Turkey Crackdown Chronicle: Week of July 30, 2018

By Özgür Öğret/CPJ Turkey Representative on August 2, 2018 12:14 PM ET

Journalist threatened

Hale Gönültaş, a reporter for the news website Gazete Duvar, received a death threat on July 30, three days after the publication of her feature on the Islamic State militant group selling Yezidi women as slaves, her employer reported. Gönültaş's report stated that at least one Yezidi woman was sold in Ankara, Turkey's capital.

A man who spoke Turkish called Gönültaş on her personal cell phone from an unknown number, insulted and cursed at the journalist, and said he knew her home address in Ankara, the Gazete Duvar report stated. "Sharia will come to this land. Watch your step!" the man is quoted as saying, referring to Islamic law.

Gönültaş told CPJ that her lawyer filed a criminal complaint and that a legal investigation into the threats has begun.

Journalists in court

An Istanbul court on August 1 found Oğuz Güven, the online chief editor of Cumhuriyet, guilty on charges of "provoking the people into animosity and hatred," and sentenced him to six months in prison, the news website T24 reported. Güven will remain on probation during the appeals process.

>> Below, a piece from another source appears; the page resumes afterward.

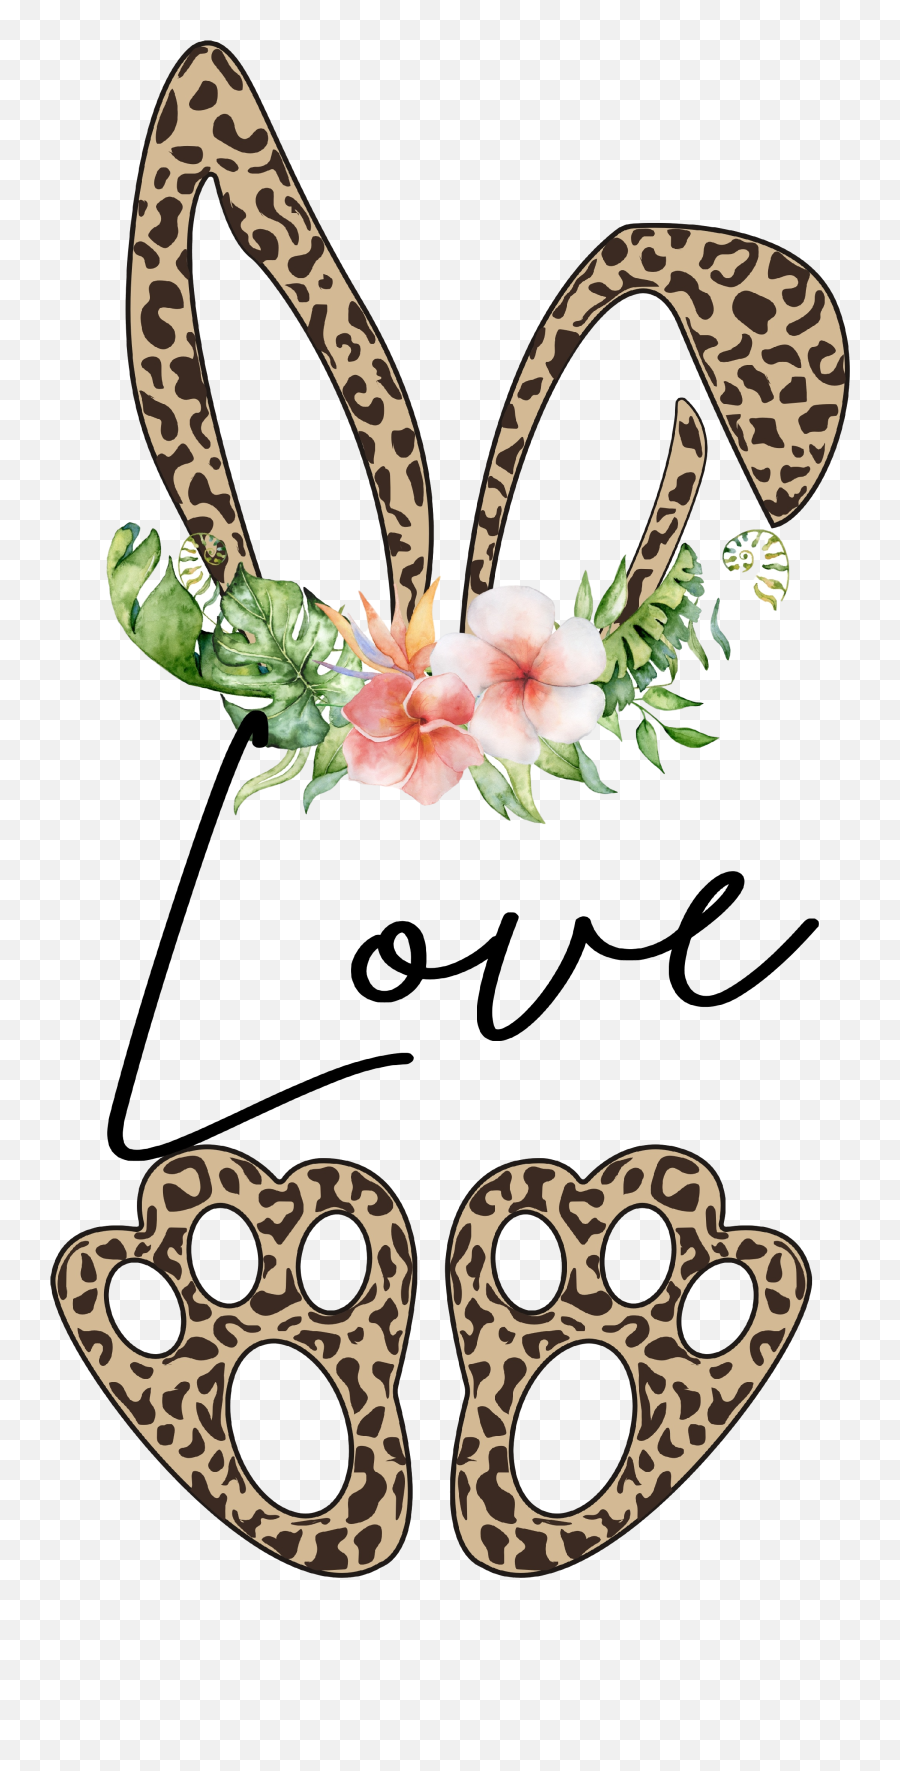 Love Bunny Ears And Feet With Various Floral Crowns Custom Text Request Are Welcomed Easter Faith Hope - Love Animal Print Png Emoji,Bunny Ears Png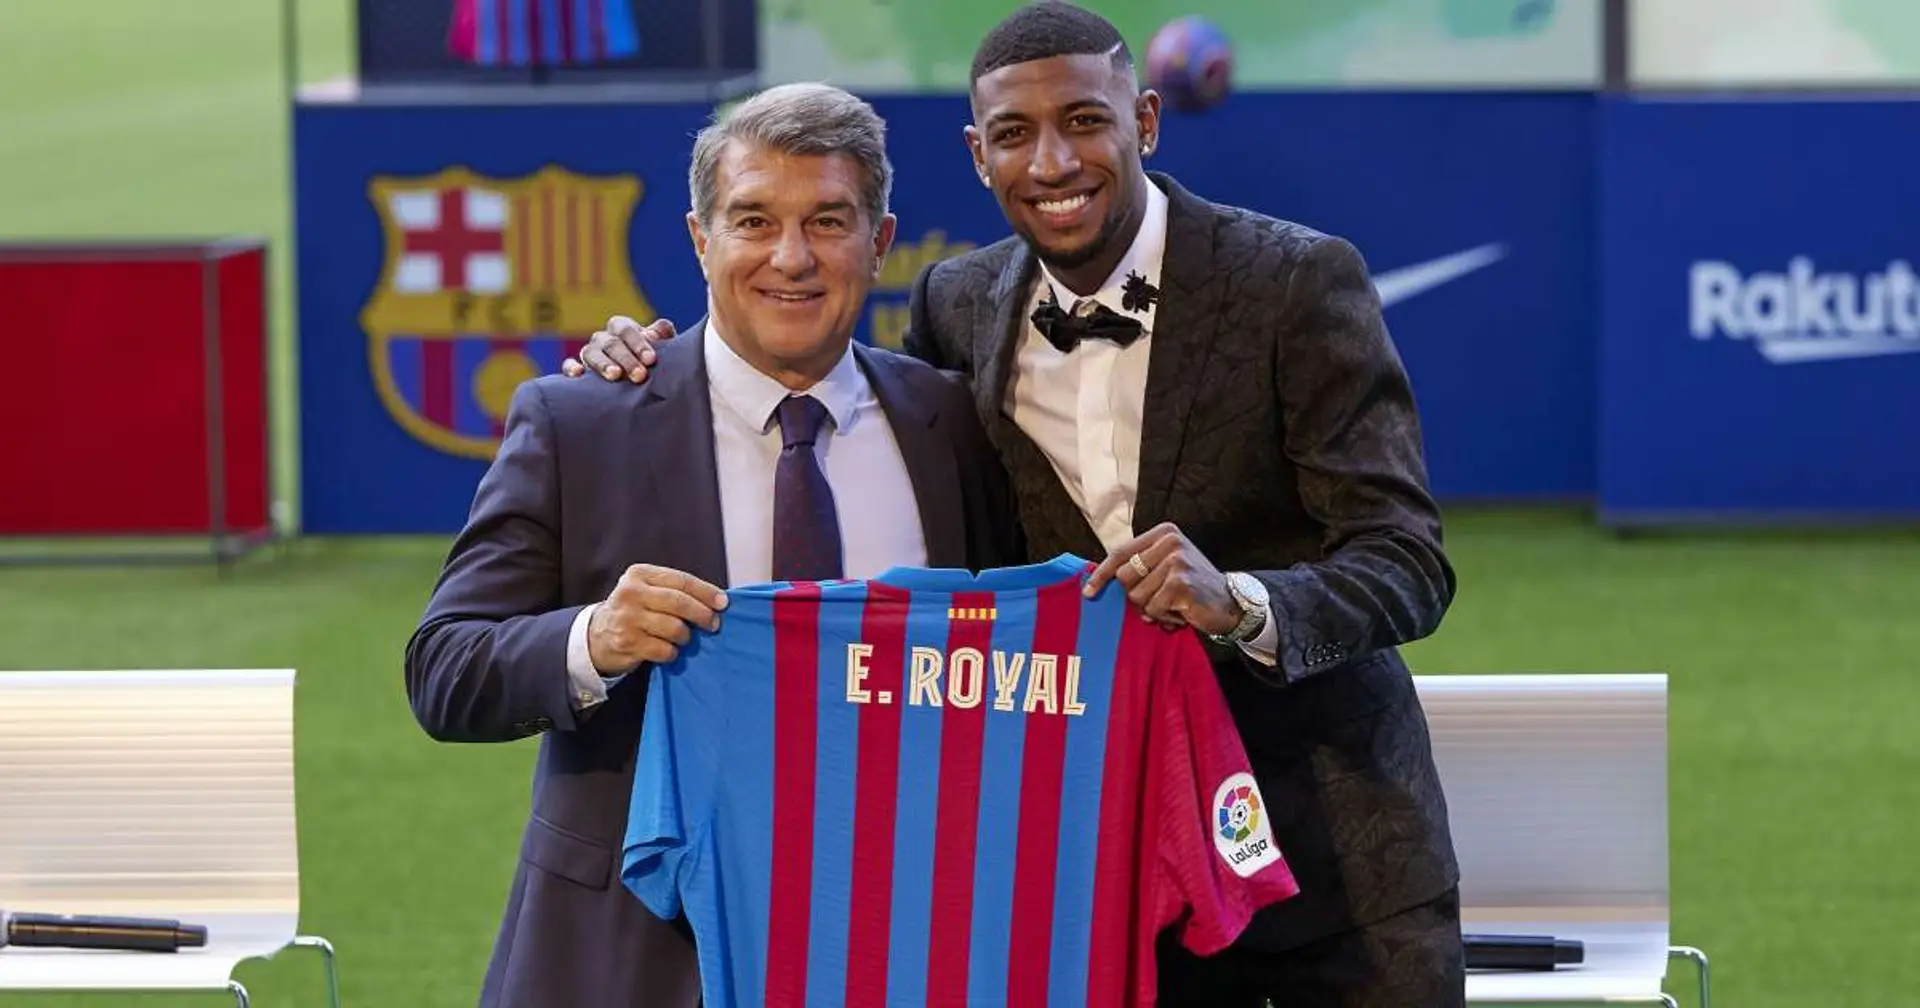 'When they signed me, they thought of selling me': Emerson hits out at Barcelona

The charges against Güven relate to the publication of a controversial Charlie Hebdo cartoon in a report on the trial of Cumhuriyet journalists Ceyda Karan and Hikmet Çetinkaya, according to T24.


The Turkish government filed two lawsuits against Afrika Gazetesi, a daily newspaper published in Turkish-controlled northern Cyprus, Gazete Duvar reported on August 1. CPJ was unable to determine the nature of the lawsuits.

One of the suits relates to a January headline, "Another Invasion Operation from Turkey," which compared Turkey's recent incursions into the border town of Afrin in Syria to its invasion of Cyprus in 1974, according to Gazete Duvar. Turkish President Recep Tayyip Erdoğan publicly criticized the headline following its publication and, in the wake of his remarks, a crowd of approximately 200- 300 people attacked the Afrika offices, according to the daily Bianet.

The other lawsuit is in relation to a column written by the paper's Chief Editor Şener Levent, according to Gazete Duvar.

Levent told Gazete Duvar that Afrika Gazetesi staff will not go to Ankara for the trials because they are not guilty and do not recognize the validity of the cases.